The Stirling Prize, British architecture's equivalent of the Booker, will be announced at a televised beano at London's old Billingsgate fish market tonight. The arcaded halls will hum with febrile expectation. But of what? Is this British architecture at the cutting edge, or trapped in a carefully stage-managed and institutionalised view of good design in the 21st century?
There are six buildings in the running: the Fuglsang Kunstmuseum, Denmark, by Tony Fretton Architects; Maggie's Centre, London, and the Bodegas Protos winery in Spain, both by Rogers Stirk Harbour + Partners; the Liverpool One Masterplan by BDP; 5 Aldermanbury Square, London, by Eric Parry Architects; and Kentish Town Health Centre, London, by Allford Hall Monaghan Morris.

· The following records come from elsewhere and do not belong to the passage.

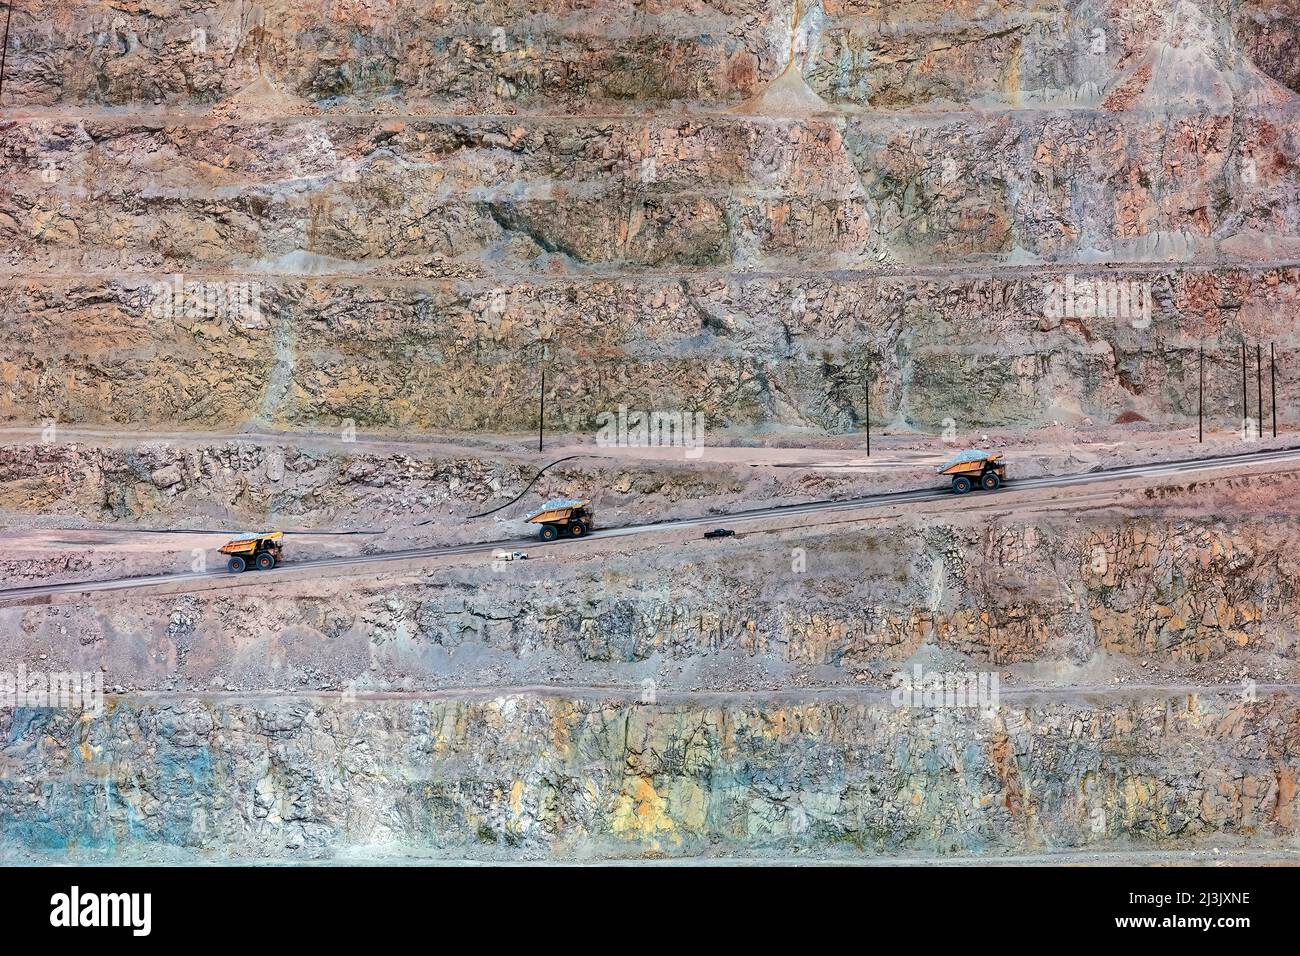 L'extraction massive de camions à benne - Mine de cuivre Morenci, Arizona plus importante mine de cuivre en Amérique du Nord Banque D'Images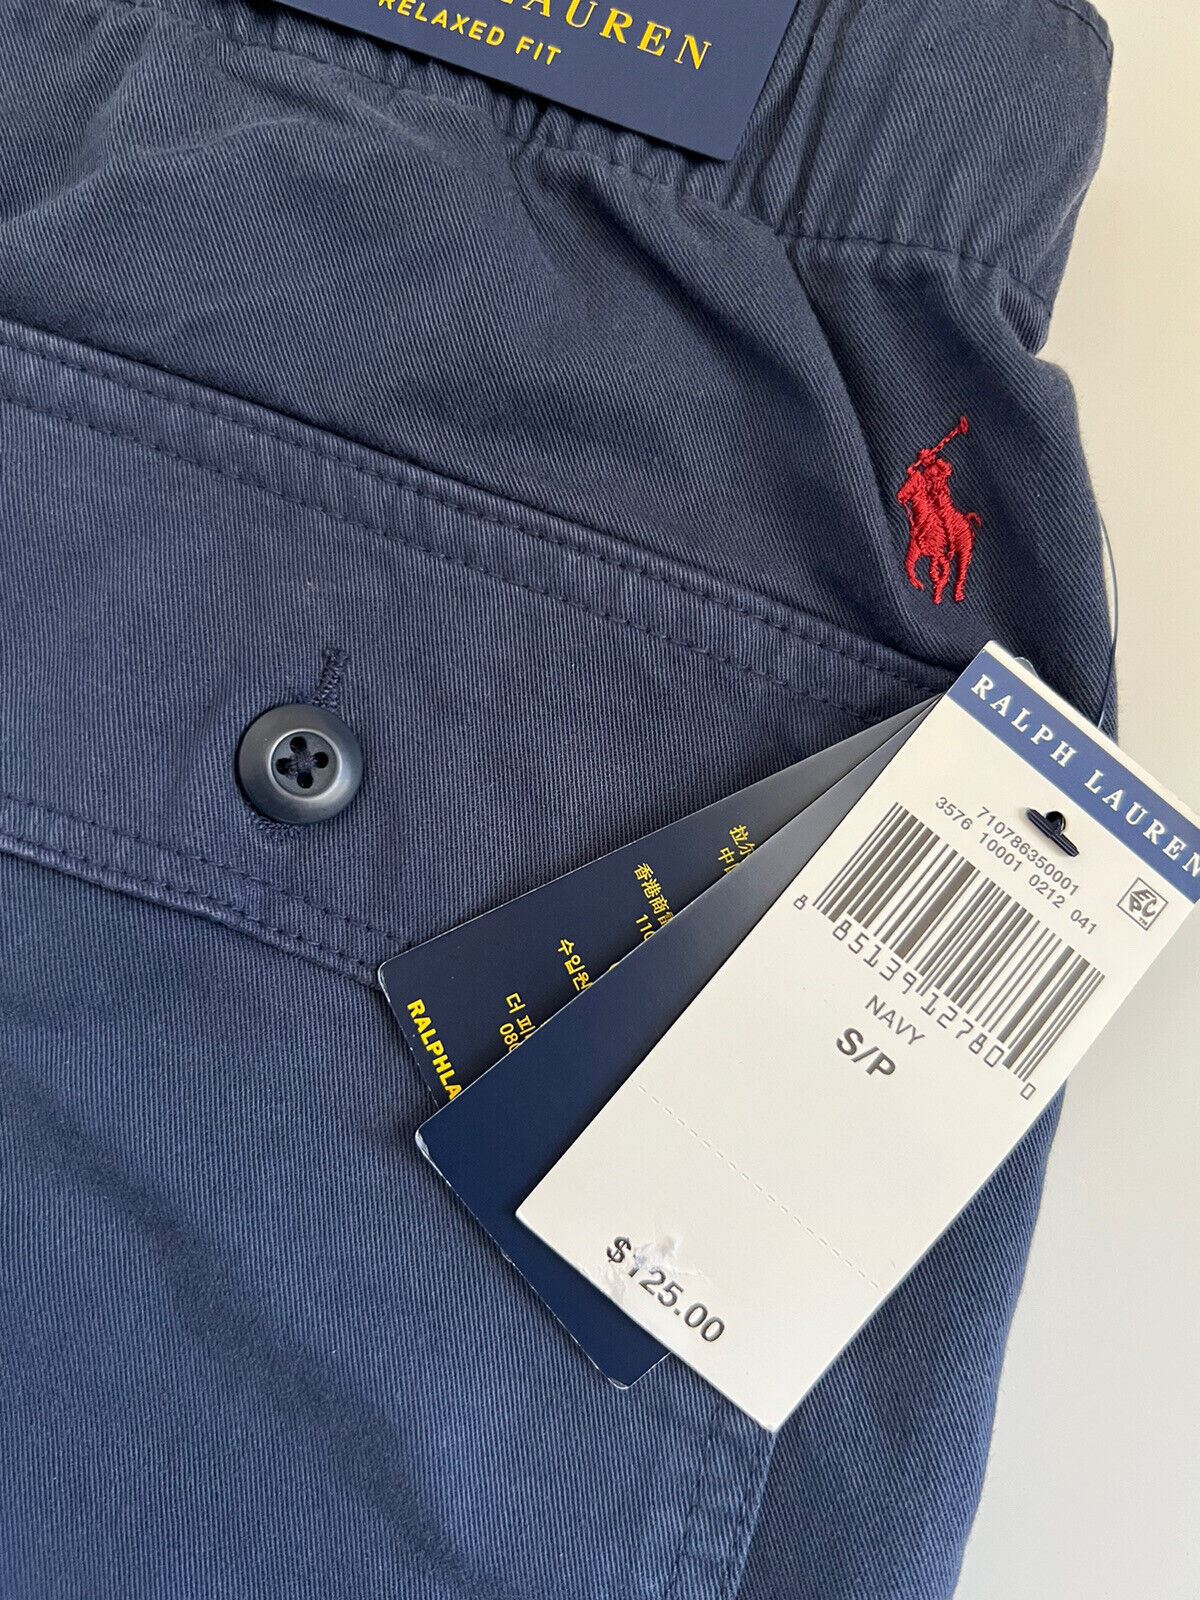 Neu mit Etikett: 125 $ Polo Ralph Lauren Herren-Shorts in Blau, Größe S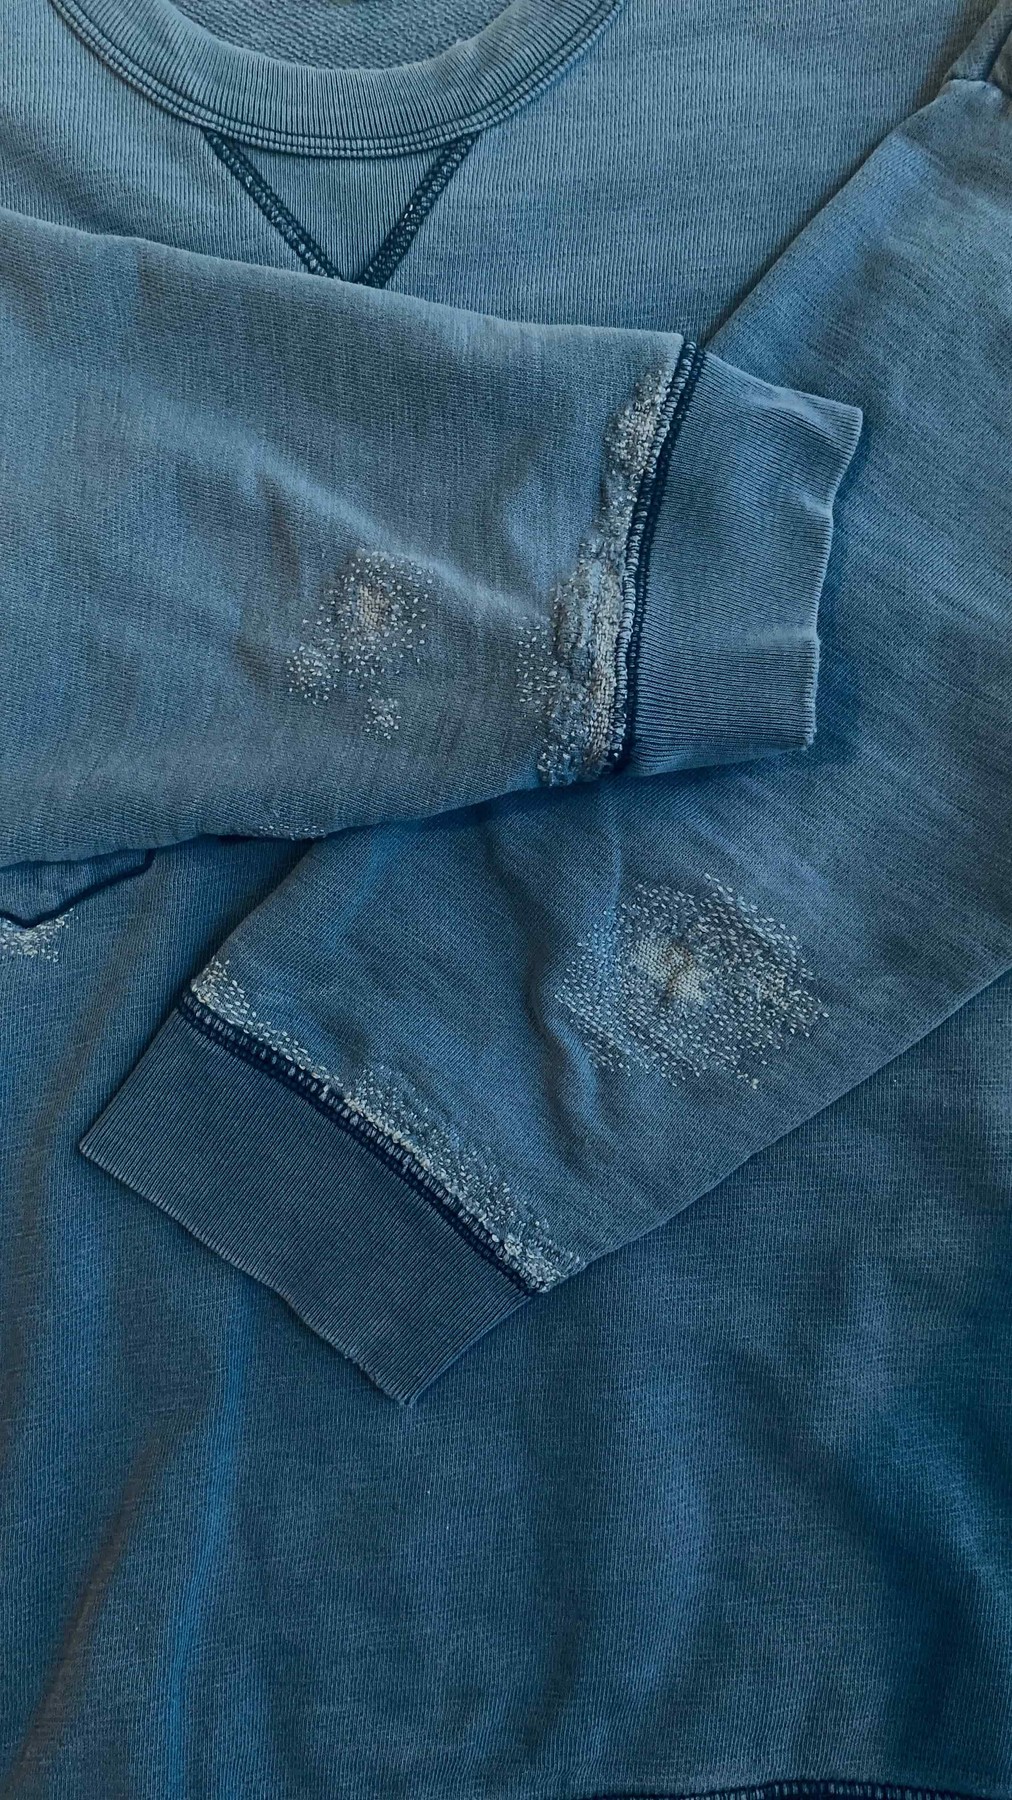 Blue Gap sweatshirt darned with blue threads.

The Booker distils internationally outstanding fiction into a shortlist through a lengthy and rigorous critical process. By comparison, the Stirling's shortlist, though not bare of fine architecture, seems largely an exercise in constrained worthiness, tainted this year by pathetically huffy charges of manipulation concerning the judging panel. The Prince of Wales, accused of similar interference over the Chelsea Barracks development, must be dunking his Duchy Highland All Butter Shortbread into the steaming Assam with unusual pleasure.
The Stirling Prize, first awarded in 1996, has lost its potency. Its shortlists have become decent, rather than battle cries for buildings whose relationships between people and places are genuinely exploratory. Where is the architectural joy – or risk? Where is the buzz that proclaims that British architects are seriously challenging the zeitgeists and physiques of our towns and cities?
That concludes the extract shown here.